Путь до Петрозаводска пролегал через Ленинград. Меня, провинциального юнца, Ленинград с его роскошными дворцами, разводными мостами и могучей Невой просто ошеломил. А метро и вовсе показалось сказкой. И сегодня, через много лет стоит мне уловить хоть пару молекул воздуха метрополитена, как я тут же улетаю в свою неповторимую юность, в день моего первого свидания с легендарным городом.
Не обошлось без приключений. Мы были такими голодными, что не заметили, как проели на пирожках последний рубль, не оставив денег на выкуп наших пожиток из камеры хранения. Пришлось обращаться к милиционеру и врать, что нас обворовали. Думаю, постовой понял тогда все сразу по нашим лицам, но бедолагам все же помог, подключив носильщика.
В те времена стоимость автобусного билета зависела от количества остановок. У нас же не было и пяти копеек. Пришлось добираться до Кондопожской улицы в Петрозаводске пешкодралом. С годами я понял, как «повезло» моему дяде, к которому без всякого предупреждения, как снег на голову, свалились два оголодавших ухаря без гроша в кармане. Дядя жил в маленьком частном домике, где командовала парадом теща. Но уже через пару дней нас зачислили в техническое училище, готовившее кадры для Онежского тракторного завода.
Мне предстояло учиться на слесаря- сборщика, а приятелю на сварщика. Однажды, на занятиях по слесарному делу, мы должны были из черновой заготовки сделать молоток. Т. е. надо было спилить напильником все лишнее и просверлить отверстие для рукоятки. Через полчаса, опустив голову, я подошел к мастеру и признался, что запорол дырку. «Что-что ты запорол?» — спросил мастер и добавил: «Где дырки бывают? Правильно! В бубликах. А у нас должны быть отверстия. Запомни, Вася». Он всех лопухнувшихся почему-то называл Васями.
После окончания училища нам выдали профсоюзные билеты, и я стал трудиться в молодежной бригаде на главном сборочном конвейере. И это был первый заработанный хлеб. В голове моей тогда еще был сплошной сквозняк. Но мысль о высшем образовании меня не покидала. Заработав два года трудового стажа, дававшего в те годы право на льготу при поступлении в вуз, я, подражая отцу, после подготовительных курсов подал заявление на лесохозяйственное отделение Петрозаводского университета. Скажу прямо, с трудом, но все же поступил. И так получилось, что потом в какие-то годы мы оба работали лесничими. Отец – в Столинском лесничестве Брестской области, а я в – Сосновце Беломорского района Карелии.

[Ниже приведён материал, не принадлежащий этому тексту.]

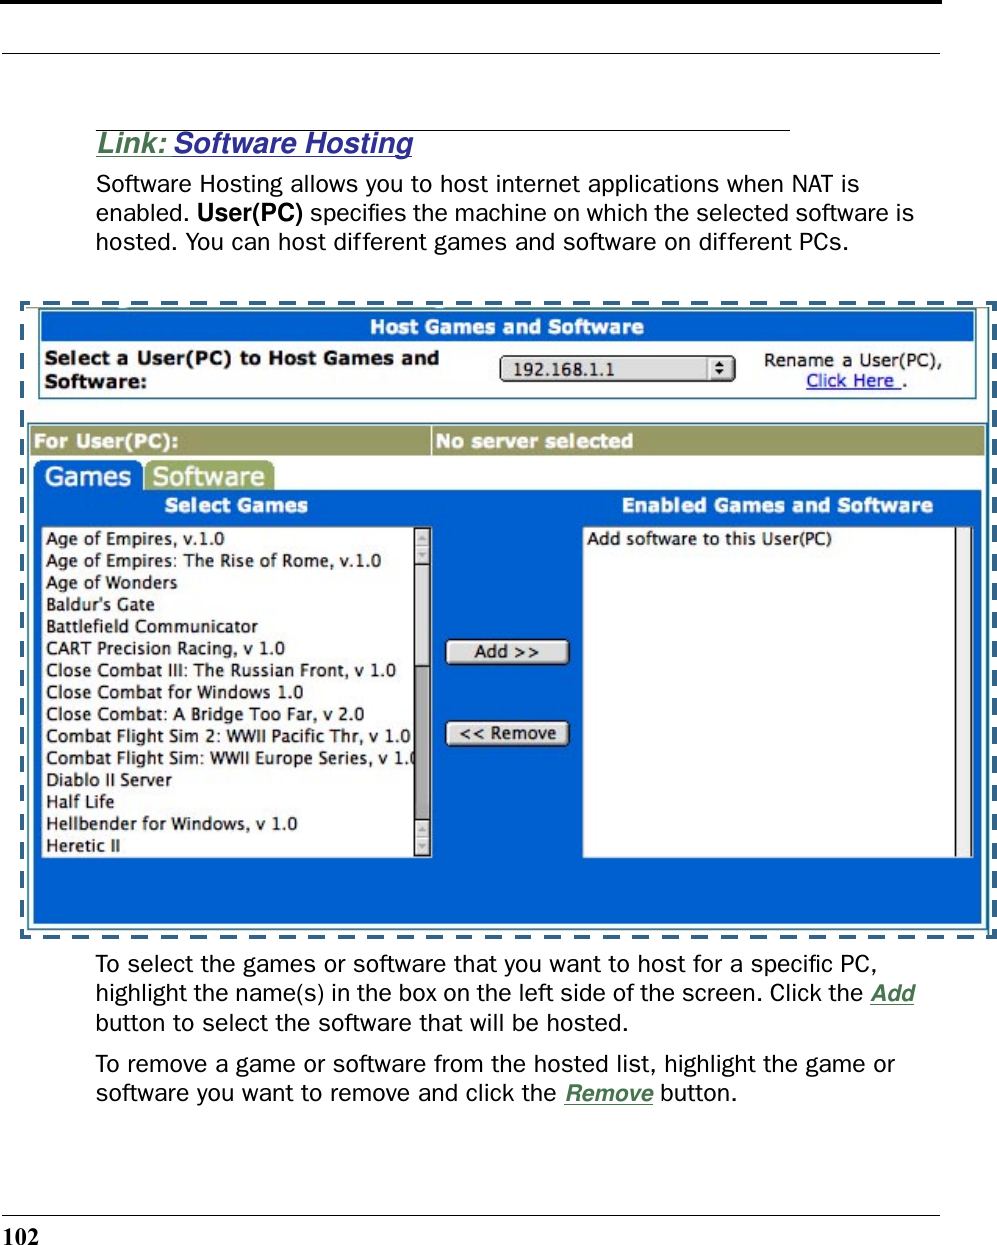 102Link: Software HostingSoftware Hosting allows you to host internet applications when NAT is enabled. User(PC) speciﬁes the machine on which the selected software is hosted. You can host different games and software on different PCs.To select the games or software that you want to host for a speciﬁc PC, highlight the name(s) in the box on the left side of the screen. Click the Add button to select the software that will be hosted.To remove a game or software from the hosted list, highlight the game or software you want to remove and click the Remove button.

Когда пришло время служить в армии, я попал в учебную ракетную бригаду в городе Луга. Зима случилась ранняя. Но старшина не торопился выдавать нам зимние тулупы и валенки для караульной службы. По его словам, чтоб служба медом не казалась. В одну из ночей меня так проморозило, что разболелся зуб. В армии, как известно, все делается по команде. Получил и я команду сходить в медсанчасть.
Стоматолог оказался классным, быстро удалил мне зуб, и я пошел назад. Возвращаясь, я вдруг увидел, что вся библиотека до самого потолка уставлена стеллажами новеньких книг, которые, судя по всему, никогда не снимались с полок. Увидевшая в этом сонном царстве случайного посетителя вольнонаемная библиотекарша участливо поинтересовалась, что бы я хотел почитать. Я ткнул в первую попавшуюся книгу. А назавтра даже не услышал команду дневального строиться на обед, потому что читал эту самую книгу и был далеко-далеко в гостях у помещика Бунина в одной из центральных губерний России.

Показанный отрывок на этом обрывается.